▸ About this task:
Since only part of the material below is wanted, output exactly the lines from the one with "Ocuplex Plus オカプレックス" up to and including the one with "Школьница из Егорьевска".

▸ Records for processing:
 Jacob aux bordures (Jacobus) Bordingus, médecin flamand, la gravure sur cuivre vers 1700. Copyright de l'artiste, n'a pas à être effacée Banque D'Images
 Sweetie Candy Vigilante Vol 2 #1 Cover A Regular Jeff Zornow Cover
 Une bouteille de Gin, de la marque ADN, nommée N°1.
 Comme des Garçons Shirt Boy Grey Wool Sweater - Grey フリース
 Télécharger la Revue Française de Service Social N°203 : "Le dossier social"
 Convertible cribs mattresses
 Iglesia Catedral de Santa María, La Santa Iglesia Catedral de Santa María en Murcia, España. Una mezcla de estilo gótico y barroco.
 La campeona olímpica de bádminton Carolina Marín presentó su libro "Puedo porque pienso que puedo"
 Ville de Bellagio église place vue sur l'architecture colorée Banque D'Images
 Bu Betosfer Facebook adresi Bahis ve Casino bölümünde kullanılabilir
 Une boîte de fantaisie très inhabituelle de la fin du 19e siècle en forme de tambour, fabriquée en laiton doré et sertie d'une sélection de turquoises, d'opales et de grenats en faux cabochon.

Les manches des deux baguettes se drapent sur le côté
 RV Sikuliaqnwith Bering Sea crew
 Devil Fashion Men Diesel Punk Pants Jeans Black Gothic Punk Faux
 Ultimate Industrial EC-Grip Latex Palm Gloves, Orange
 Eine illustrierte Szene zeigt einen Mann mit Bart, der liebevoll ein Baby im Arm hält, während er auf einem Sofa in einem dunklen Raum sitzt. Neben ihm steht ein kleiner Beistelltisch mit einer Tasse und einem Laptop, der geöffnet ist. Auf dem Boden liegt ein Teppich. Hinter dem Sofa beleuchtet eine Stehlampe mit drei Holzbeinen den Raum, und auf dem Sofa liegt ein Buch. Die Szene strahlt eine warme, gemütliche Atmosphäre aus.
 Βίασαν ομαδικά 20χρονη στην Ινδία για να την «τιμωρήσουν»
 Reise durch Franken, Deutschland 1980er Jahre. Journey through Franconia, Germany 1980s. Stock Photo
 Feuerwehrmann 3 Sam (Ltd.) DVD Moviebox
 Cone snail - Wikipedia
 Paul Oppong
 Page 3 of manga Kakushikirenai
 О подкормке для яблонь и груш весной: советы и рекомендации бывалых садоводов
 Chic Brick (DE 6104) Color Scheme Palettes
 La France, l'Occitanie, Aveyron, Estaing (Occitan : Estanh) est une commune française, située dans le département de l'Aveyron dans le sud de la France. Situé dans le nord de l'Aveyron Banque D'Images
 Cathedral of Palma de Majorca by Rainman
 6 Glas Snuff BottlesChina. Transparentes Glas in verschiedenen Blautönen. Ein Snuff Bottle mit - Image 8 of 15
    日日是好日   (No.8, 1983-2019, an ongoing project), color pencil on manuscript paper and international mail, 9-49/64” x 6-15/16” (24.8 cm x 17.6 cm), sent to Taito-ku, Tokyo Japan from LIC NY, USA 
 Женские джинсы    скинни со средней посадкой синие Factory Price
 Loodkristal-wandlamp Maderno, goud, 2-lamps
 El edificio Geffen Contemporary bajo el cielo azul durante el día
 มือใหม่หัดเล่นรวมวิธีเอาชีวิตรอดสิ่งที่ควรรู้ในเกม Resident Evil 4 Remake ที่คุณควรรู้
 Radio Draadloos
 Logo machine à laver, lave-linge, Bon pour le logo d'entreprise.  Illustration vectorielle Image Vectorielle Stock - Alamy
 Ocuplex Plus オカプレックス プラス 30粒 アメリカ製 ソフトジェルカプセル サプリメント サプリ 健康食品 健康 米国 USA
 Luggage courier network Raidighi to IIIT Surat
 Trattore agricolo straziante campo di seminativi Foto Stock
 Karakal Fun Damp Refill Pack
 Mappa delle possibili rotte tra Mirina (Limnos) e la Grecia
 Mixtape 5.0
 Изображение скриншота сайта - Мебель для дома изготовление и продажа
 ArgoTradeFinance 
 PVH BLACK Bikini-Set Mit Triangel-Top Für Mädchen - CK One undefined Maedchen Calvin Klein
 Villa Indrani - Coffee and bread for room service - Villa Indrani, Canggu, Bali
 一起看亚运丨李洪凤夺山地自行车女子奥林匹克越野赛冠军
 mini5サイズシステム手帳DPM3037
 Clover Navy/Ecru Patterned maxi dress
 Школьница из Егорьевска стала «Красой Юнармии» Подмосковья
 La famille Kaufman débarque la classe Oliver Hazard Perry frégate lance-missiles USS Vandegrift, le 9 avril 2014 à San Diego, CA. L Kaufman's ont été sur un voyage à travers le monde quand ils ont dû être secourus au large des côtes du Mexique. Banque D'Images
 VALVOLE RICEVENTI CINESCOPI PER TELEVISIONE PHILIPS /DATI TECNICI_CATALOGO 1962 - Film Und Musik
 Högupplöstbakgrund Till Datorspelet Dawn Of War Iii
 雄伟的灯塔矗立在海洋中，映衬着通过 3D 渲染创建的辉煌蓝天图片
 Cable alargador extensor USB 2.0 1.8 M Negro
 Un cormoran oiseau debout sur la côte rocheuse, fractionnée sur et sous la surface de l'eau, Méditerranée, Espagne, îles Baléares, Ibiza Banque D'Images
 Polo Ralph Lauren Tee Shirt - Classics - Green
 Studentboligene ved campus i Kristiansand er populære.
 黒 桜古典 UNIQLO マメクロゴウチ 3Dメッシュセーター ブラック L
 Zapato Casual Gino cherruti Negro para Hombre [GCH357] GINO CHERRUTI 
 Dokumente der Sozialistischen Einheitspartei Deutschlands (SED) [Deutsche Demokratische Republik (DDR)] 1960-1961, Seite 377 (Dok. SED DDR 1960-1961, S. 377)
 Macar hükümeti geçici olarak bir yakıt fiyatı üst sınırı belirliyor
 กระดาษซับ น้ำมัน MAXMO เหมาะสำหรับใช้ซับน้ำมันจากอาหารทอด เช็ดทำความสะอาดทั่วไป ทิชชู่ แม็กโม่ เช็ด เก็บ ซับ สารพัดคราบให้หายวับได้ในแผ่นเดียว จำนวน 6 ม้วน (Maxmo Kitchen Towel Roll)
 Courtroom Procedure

▸ Answer section:
 Ocuplex Plus オカプレックス プラス 30粒 アメリカ製 ソフトジェルカプセル サプリメント サプリ 健康食品 健康 米国 USA
 Luggage courier network Raidighi to IIIT Surat
 Trattore agricolo straziante campo di seminativi Foto Stock
 Karakal Fun Damp Refill Pack
 Mappa delle possibili rotte tra Mirina (Limnos) e la Grecia
 Mixtape 5.0
 Изображение скриншота сайта - Мебель для дома изготовление и продажа
 ArgoTradeFinance 
 PVH BLACK Bikini-Set Mit Triangel-Top Für Mädchen - CK One undefined Maedchen Calvin Klein
 Villa Indrani - Coffee and bread for room service - Villa Indrani, Canggu, Bali
 一起看亚运丨李洪凤夺山地自行车女子奥林匹克越野赛冠军
 mini5サイズシステム手帳DPM3037
 Clover Navy/Ecru Patterned maxi dress
 Школьница из Егорьевска стала «Красой Юнармии» Подмосковья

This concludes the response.